The most significant performance gain was observed in the CGS condition (green bars), where participants received both physical support and visual guidance (i.e., through the PY solution). This scenario resulted in the highest number of components completed for every participant.
The t-test examination of performance comparing three scenarios yielded a p-value of 0.00018 (<α = 0.05). In conclusion, the participants accomplished the tasks more successfully in the CS and CGS than in SS, assembling more components during the activity. On average, an increase of 18.4% from SS to CS was observed, and an increase of 15.5% from CS to CGS. Thus, the overall increase in the number of components accomplished well from SS to CGS was 33.9%

6. Discussion

6.1. Results Discussion

According to the data, MWL was significantly lower in the CS and CGS compared to the SS. In the first scenario (SS), the MWL did not change considerably after three consecutive periods (i.e., every 30 min). In the other two cases, MWL reduced with time. In the second part (30–60 min) and third part (60–90 min) of the CS and CGS, the reduction in the MWL was larger compared to the SS. These effects became more pronounced over time, with a general decrease in MWL observed from the first to the third time interval across all conditions. The CGS condition consistently yielded the lowest MWL values, particularly in the final interval (60–90 min), highlighting the effectiveness of combining HRC with additional real-time guidance in mitigating cognitive demands. Additionally, inter-individual differences were evident: some participants (e.g., Participants 4 and 5) exhibited elevated workload levels regardless of the condition, whereas others maintained lower and more stable β/α ratios. These variations may reflect differences in task engagement, stress reactivity, or cognitive strategies, and underscore the importance of accounting for user-specific factors in neuroergonomic evaluations.
These findings are consistent with earlier research on industrial HRI, where a lower level of MWL was perceived during (well-designed) collaborative tasks compared to purely manual tasks [44]. This suggested that structured physical assistance not only reduced cognitive effort but potentially facilitated task execution.
In addition, MWL results are aligned with the subjective analysis carried out using the NASA TLX. The measurements of Mental Demand, Effort, and Frustration indicated a significant decrease in these parameters pointed out by the participant during tasks with the robot (i.e., CS and CGS). Results are in line with previous research about the analysis of performance in HRC [45].
According to the answers to the open questions, in SS, participants felt more stressed during the tasks, desiring to move and have some stretch on the arms potentially due to a lack of physical support.
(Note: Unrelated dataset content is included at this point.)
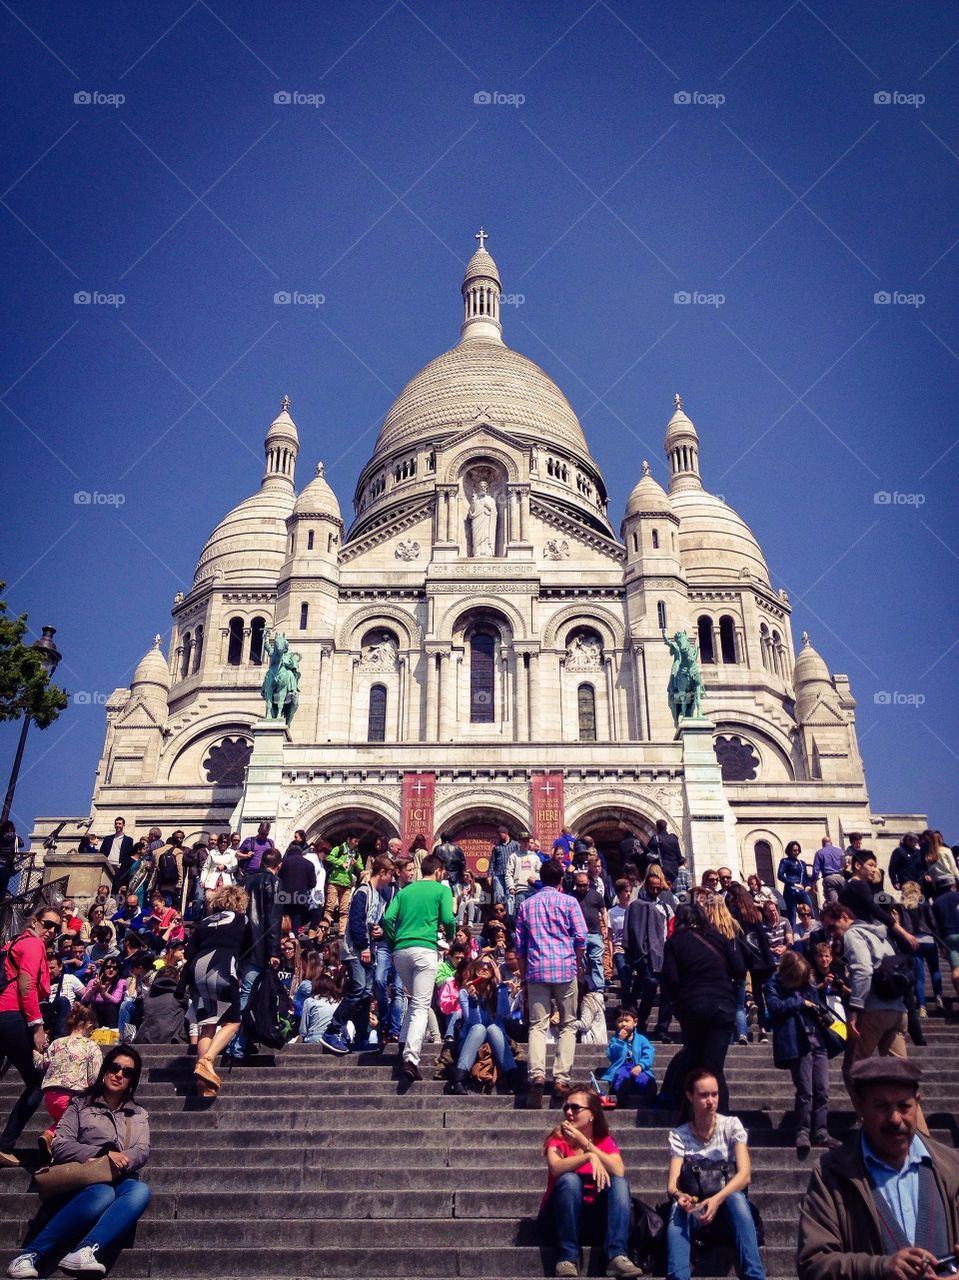 Basílica del Sagrado Corazón (Paris - France)

The tasks supported by the cobot (in CS and CGS) and guided by PY solutions (in CGS) were perceived better, having the feeling of being aided during the whole activity. However, considering the NASA TLX results, there was no significant variation in Physical and Time Demands between the three scenarios. Since the task was not physically demanding, one probable reason is that the participants accomplished the activity in a seated and comfortable position throughout the test. In addition, the physical workload was almost equal in all three scenarios.
Finally, the checklist revealed a higher level of performance in terms of successfully assembled components in the CS and CGS, To corroborate this, in the NASA TLX, participants reported to be more satisfied in accomplishing the task in the CS and CGS.
Regarding the highest-level productivity in the last scenario (CGS), the label guidance helped reduce uncertainty, improved task flow, and reduced the MWL of participants. The consistency of this improvement across all participants highlights the effectiveness of combining HRC with real-time guidance for enhancing assembly performance.
Taken together, these findings support the hypothesis that well-structured collaborative and guided interaction with robots can reduce MWL, improve production performance, and promote user adaptation over time. As a result, participants performed better in completing the work in the collaborative settings in terms of ergonomics and task performance.

6.2. Answers to RQs

Manual assembly operations, such as wire harnessing, remain a demanding and mentally stressful task in industrial processes. This has prompted the investigation and study of collaborative systems that enable operators to work alongside robots. Thus, understanding the MWL in HRI is crucial [23]. However, the method of using wireless, real-time, objective metrics like EEG in industrial collaborative application to define the MWL in terms of brainwave activity is still in its early phases [46]. In previous works, authors have provided a strategy for measuring MWL in smart factories. However, the efficacy of these tests revealed no significant difference between a scenario with and without HRI [47,48].
In this study, the power ratio β/α was found to be suitable in predicting participants’ MWL. Other studies employed other brainwaves, such as Theta waves, to evaluate the MWL [49]. The suitable MWL index in HRI scenarios and for the type of task is still the object of debate [50,51]. This is why, in this study, the authors combined the quantitative analysis via the EEG with subjective assessments to define the fluctuation of the operator’s cognitive traits in the three scenarios.
Regarding RQ1, the findings indicate that a proper implementation of cobots in industrial assembly workstations leads to a significant reduction in mental workload (MWL). This outcome was confirmed by repeated-measures ANOVA, combining objective (EEG-based β/α ratio) and subjective (NASA-TLX) assessments. Moreover, the results demonstrate that the degree of robotic assistance played a decisive role in shaping MWL levels. Specifically, while the collaborative scenario (CS) already alleviated part of the cognitive demand compared to the standard condition, the collaborative guided scenario (CGS) produced the lowest MWL values across participants. This suggests that structured robotic support, combined with task guidance, can substantially reduce the operator’s cognitive burden during collaborative assembly activities.
Regarding RQ2, the results suggest that operators’ performance improved thanks to the introduction of collaborative robotic systems and related PY solutions and, potentially, was also due to a reduction in MWL that may have been brought about. The number of components accomplished by the participants over the time was shown to be higher when participants worked alongside the cobot. Specifically, participants accomplished 18.4% more components in the collaborative scenario (CS) compared to the standard scenario (SS), and a further 15.5% increase was observed in the collaborative guided scenario (CGS) compared to CS.
In addition, subjective evaluations such as the NASA-TLX and answers to open questions revealed that the deployment of cobots had a favorable impact on participants during the assembly activity. According to participants’ responses, the assembly activity involving the robot enhanced the ease and pleasantness of retrieving the plate from the gripper. Moreover, the robot’s motion was perceived as predictable and smooth, and its response during the handover was considered non-intrusive.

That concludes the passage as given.